Há documentos que não deu ao Parlamento durante actuação da comissão parlamentar de inquérito (CPI) ao Banco Espírito Santo (BES). Desde logo, um documento interno de 8 de Novembro de 2013 que lhe dizia que "uma actuação tempestiva não devia ser posta de lado” relativamente a Ricardo Salgado. Por que é que não os entregou?

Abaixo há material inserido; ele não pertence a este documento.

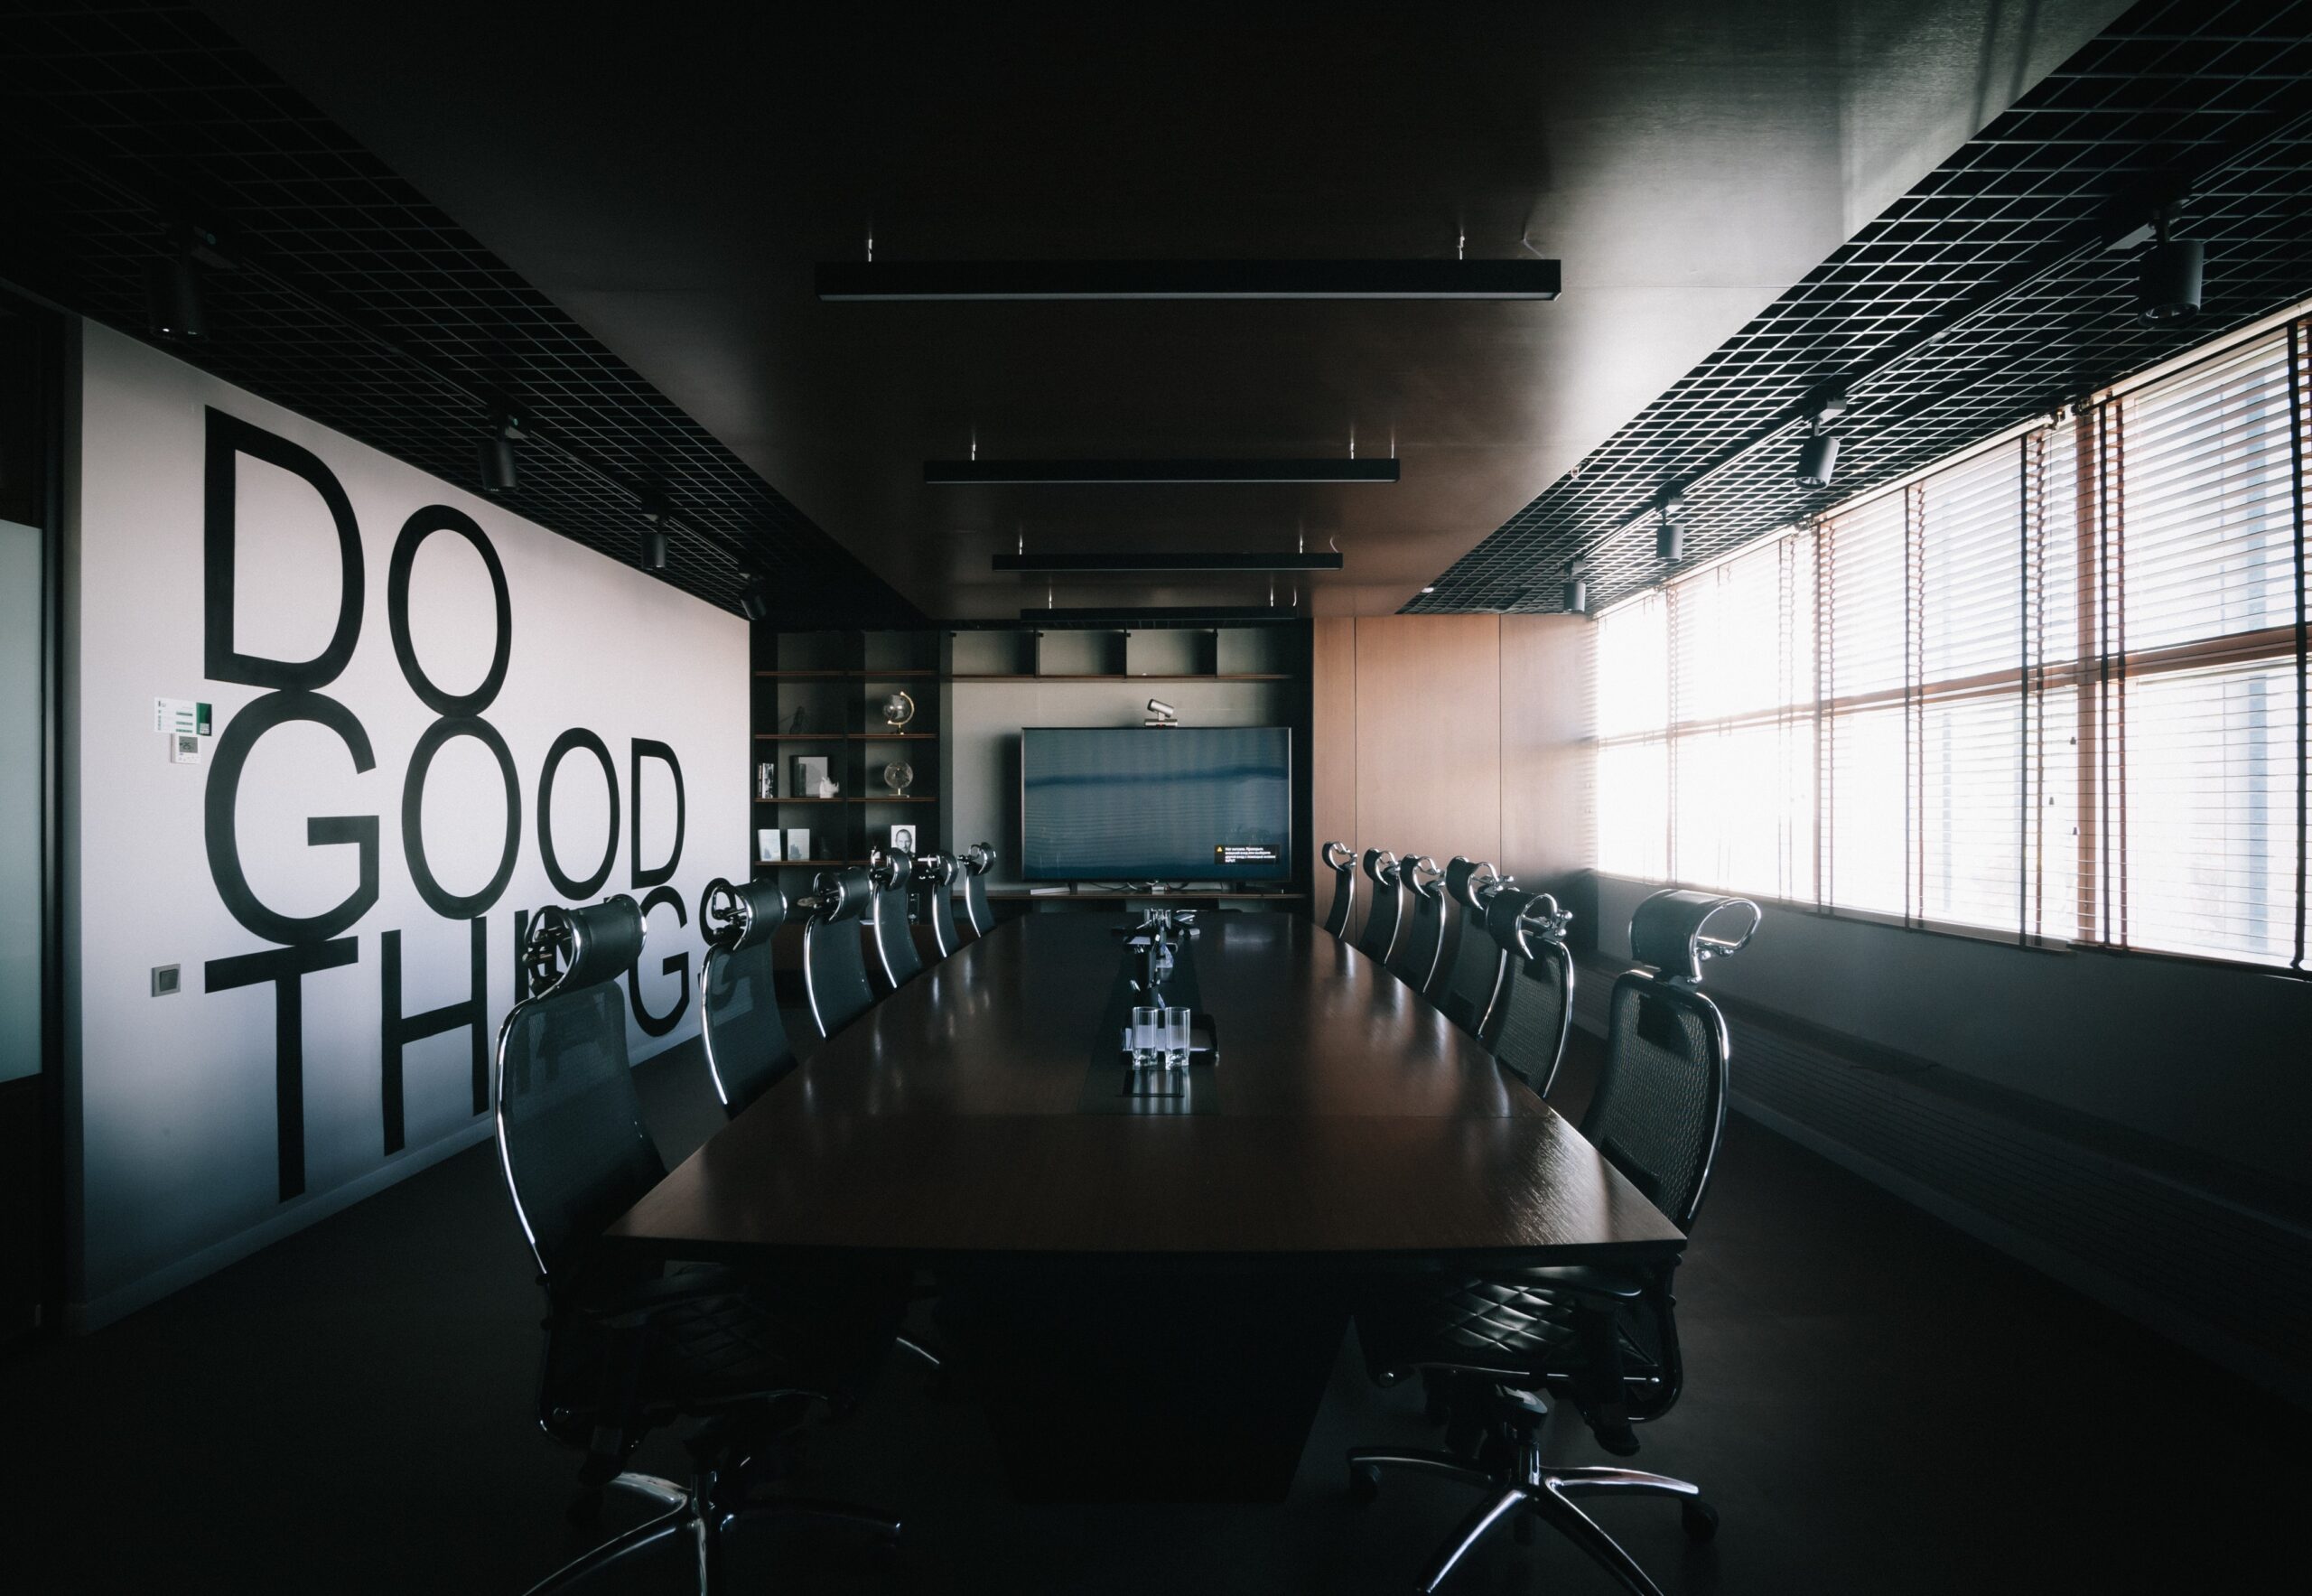 Empty board room with positive message on the wall

São documentos de trabalho e, tal como foi transmitido à CPI, os documentos de trabalho não são abrangidos pelo dever de divulgação. O documento em causa faz parte de uma série de reflexões internas que se iniciaram por minha iniciativa em Fevereiro de 2013 a propósito de notícias publicadas na imprensa que visavam determinar se havia fundamentação para aquilo que era publicado e qual a gravidade dessas mesmas actuações. Entre Fevereiro de 2013 e Novembro muita coisa se passou e entre Novembro e Abril de 2014, quando o dr. Ricardo Salgado aceitou que não continuaria à frente do banco, também muita coisa se passou.
Não era um documento importante?
O que é importante dizer é que aquilo que o documento sugeria, que era prosseguir a reflexão, foi exactamente aquilo que foi feito: primeiro, prosseguir a reflexão sobre os factos que estavam a ser indiciados, segundo, confrontar as pessoas em causa com esses mesmos factos e, terceiro, construir a prova para depois em função da prova saber quais as consequências que se deviam retirar dessa prova. Isso foi feito, foi claramente transmitido à CPI.
A nota foi tida em boa conta, mas as averiguações posteriores levaram o Banco de Portugal a chegar à conclusão de que não havia razões para perda de idoneidade de Ricardo Salgado...
Não. Nada disso. A nota foi tida em devida conta e o que as averiguações posteriores permitiram concluir é que havia razões suficientes, primeiro, para não permitir a tomada de funções nos casos em que estavam pendentes pedidos de autorização. E, em segundo lugar, que havia razões suficientes, que ficaram consagradas em Abril de 2014, para exigir ao dr. Ricardo Salgado um plano de sucessão e exigir à família que se afastasse da gestão do BES. E isso está expresso em documentação que foi entregue na CPI.
Estamos a falar de uma nota interna do final de 2013, mas o processo de retirada de idoneidade só se concretizou mais tarde. Porquê?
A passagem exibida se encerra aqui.